Ischaemic stroke following VZ infection: a rare complication
The present case has been reported in BMJ. A previously healthy 28-year-old woman presented with generalised maculopapular lesions since 10 days which were associated with low-grade, intermittent fever. Six days following this, she developed double vision and swaying while walking. There was no history of headache, vomiting, seizure or limb weakness.

There was no significant medical history and neither she was on any drug therapy. On examination, she had generalised maculopapular rashes typical of varicella zoster virus (VZV) infection.
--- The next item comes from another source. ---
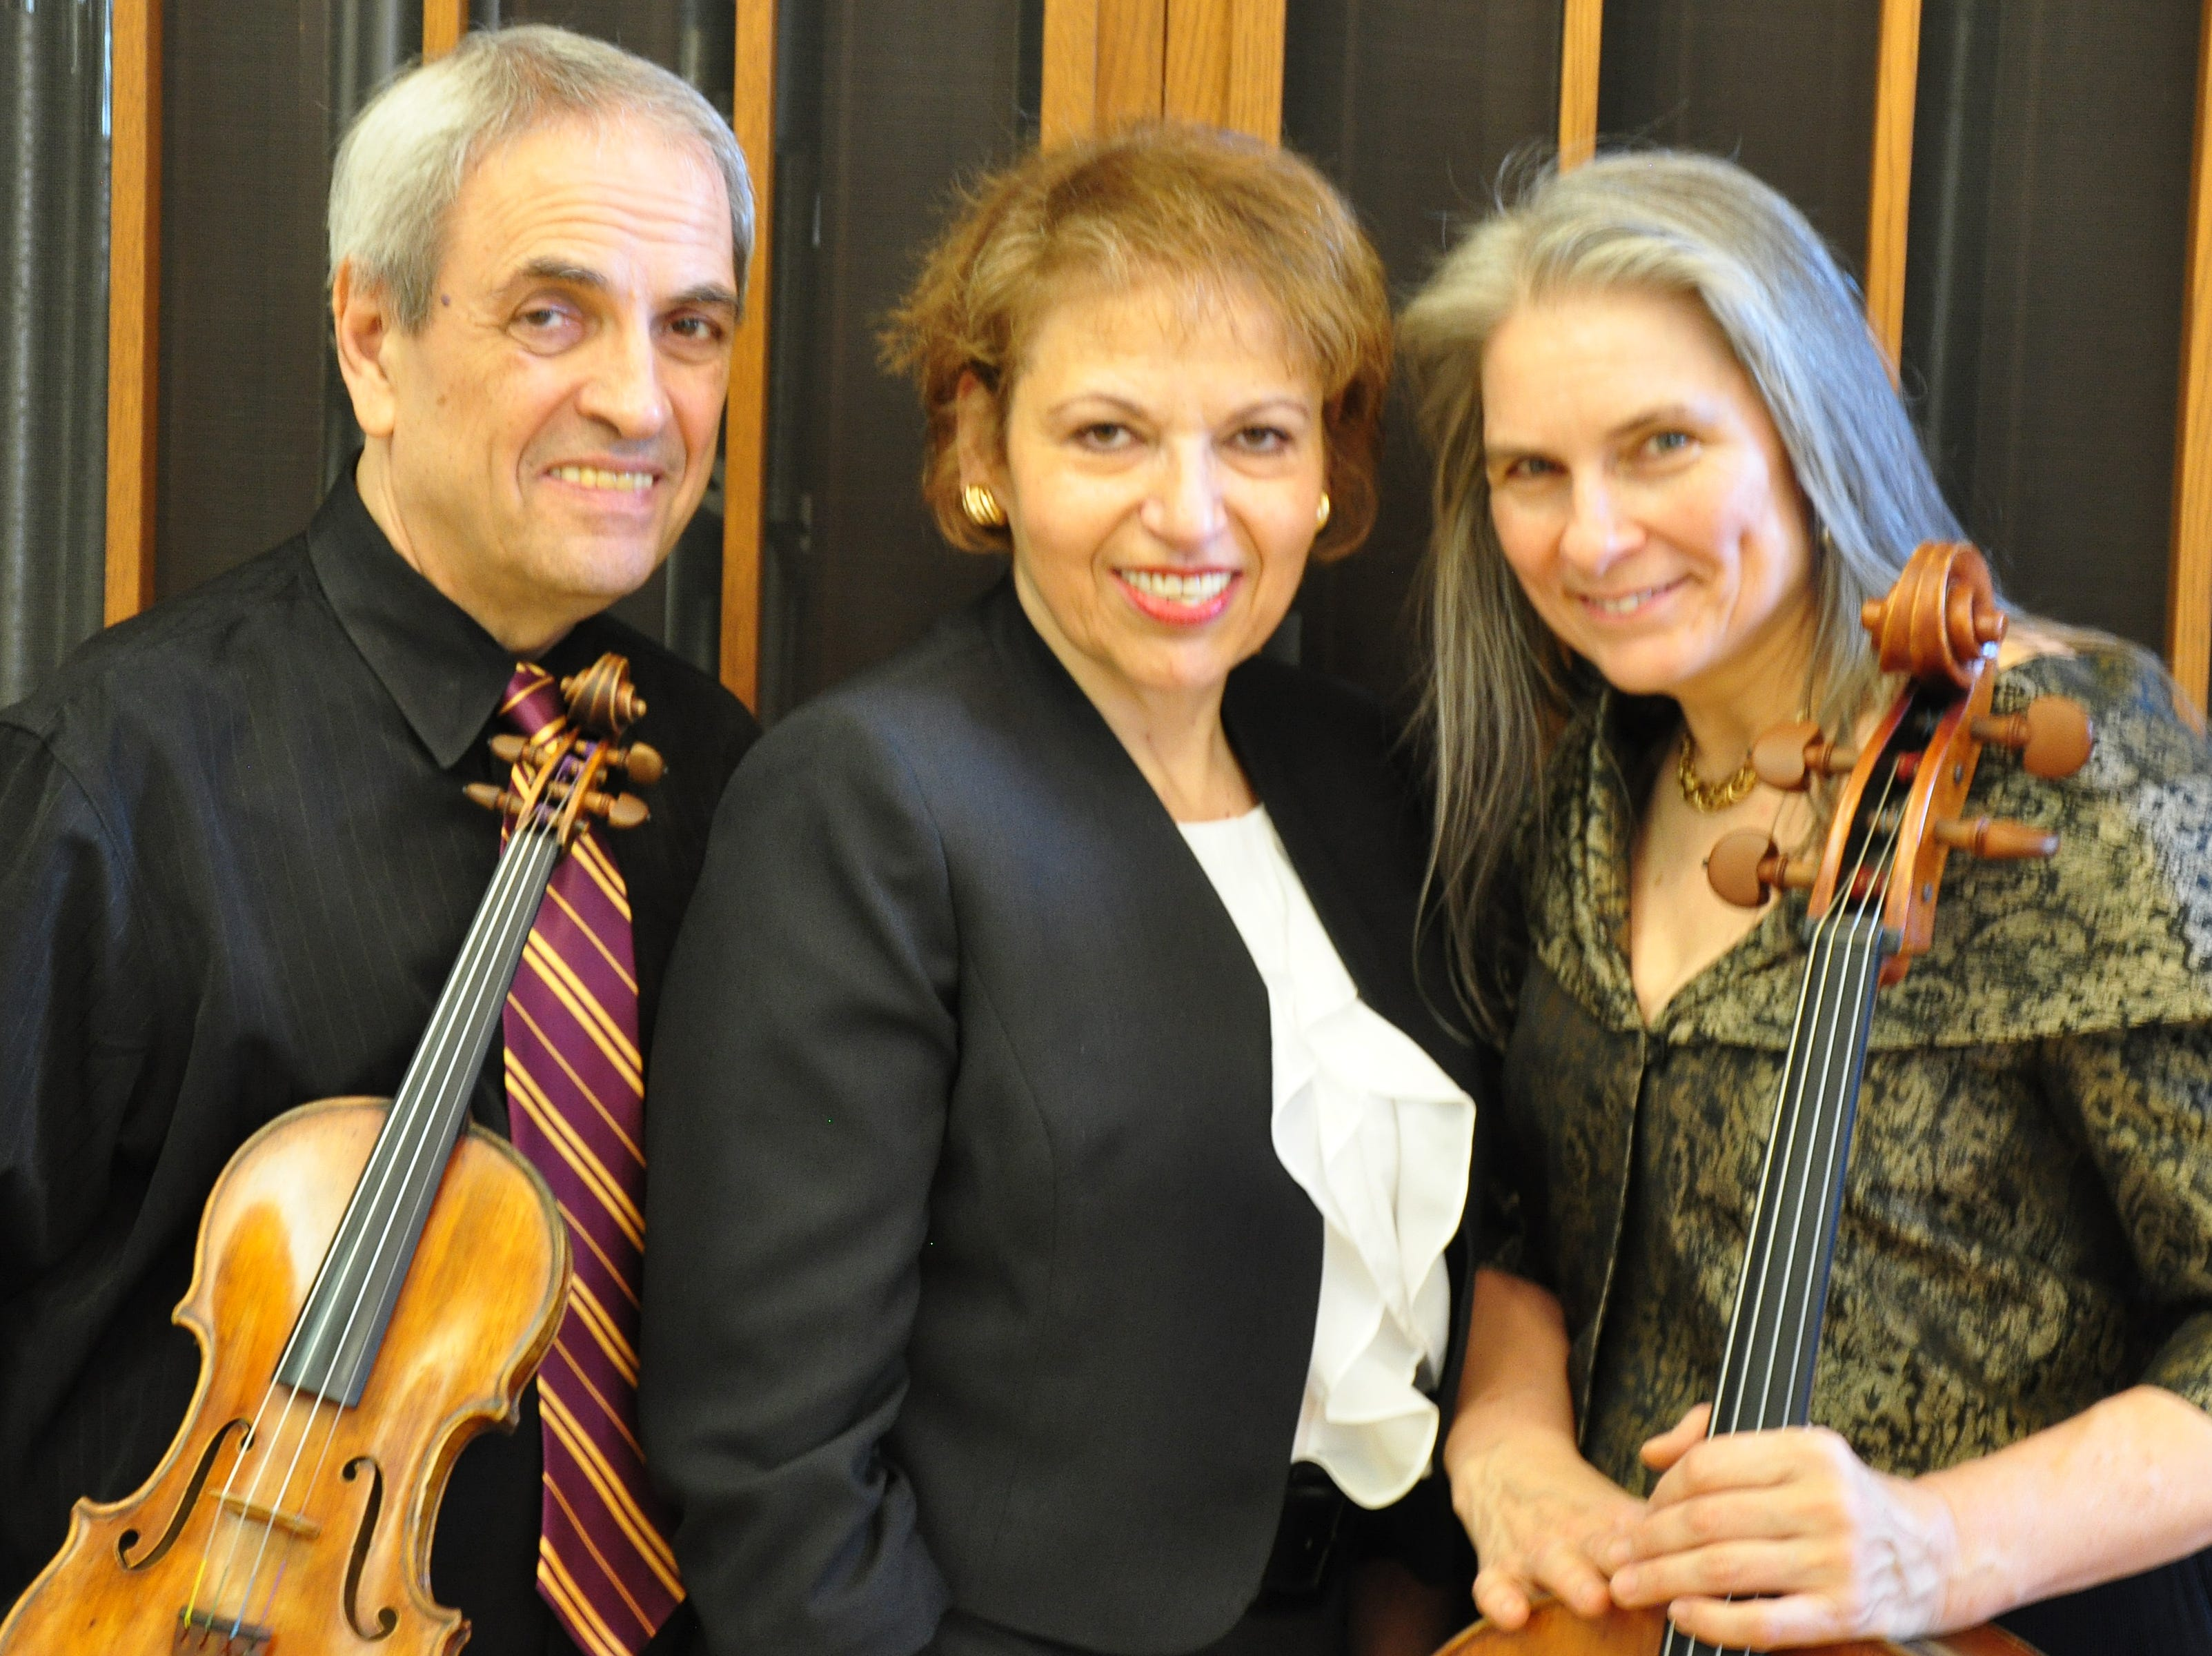 The Arcadian Trio, featuring (left to right) violinist Igor Szwec, pianist Diane Goldsmith, and cellist Vivian Barton Dozor.

There was internuclear ophthalmoplegia with bilateral vertical nystagmus on upgaze. Other cranial nerves, and motor and sensory system examinations were normal. Cerebellar function tests like finger-nose test on right side and tandem walking test were impaired. The patient tends to sway on either side while walking.

MRI brain revealed an acute infarct in the right hemipons and superior cerebellar peduncle which could explain her neurological deficits. A complete diagnostic workup was conducted to identify the underlying cause of the stroke, which included cardiac echocardiography, bilateral carotid-vertebral Doppler, MRI angiography of cerebral vessels, antinuclear antibodies, antineutrophil cytoplasmic antibodies, antiphospholipid antibodies and HIV ELISA which were all negative. Lumbar puncture revealed normal pressure with no abnormalities in cerebrospinal fluid (CSF) studies. PCR for VZV was positive.

The patient was started on intravenous acyclovir, antiplatelet and other supportive therapy following which there was progressive improvement in her symptoms.

Learning points
• Varicella zoster virus (VZV) infection in adults could result in complications such as pneumonia and encephalitis, but presenting as stroke is very rare.

• Patients may present with acute or subacute infarction and commonly involves vessel being middle cerebral artery. Involvement of posterior circulation is very rare.

• The incidence of VZV vasculopathy is higher in immunocompromised individuals but may also occur in immunocompetent patients.

• A high index of clinical suspicion, efforts towards early diagnosis and initiation of acyclovir therapy are required to prevent complications.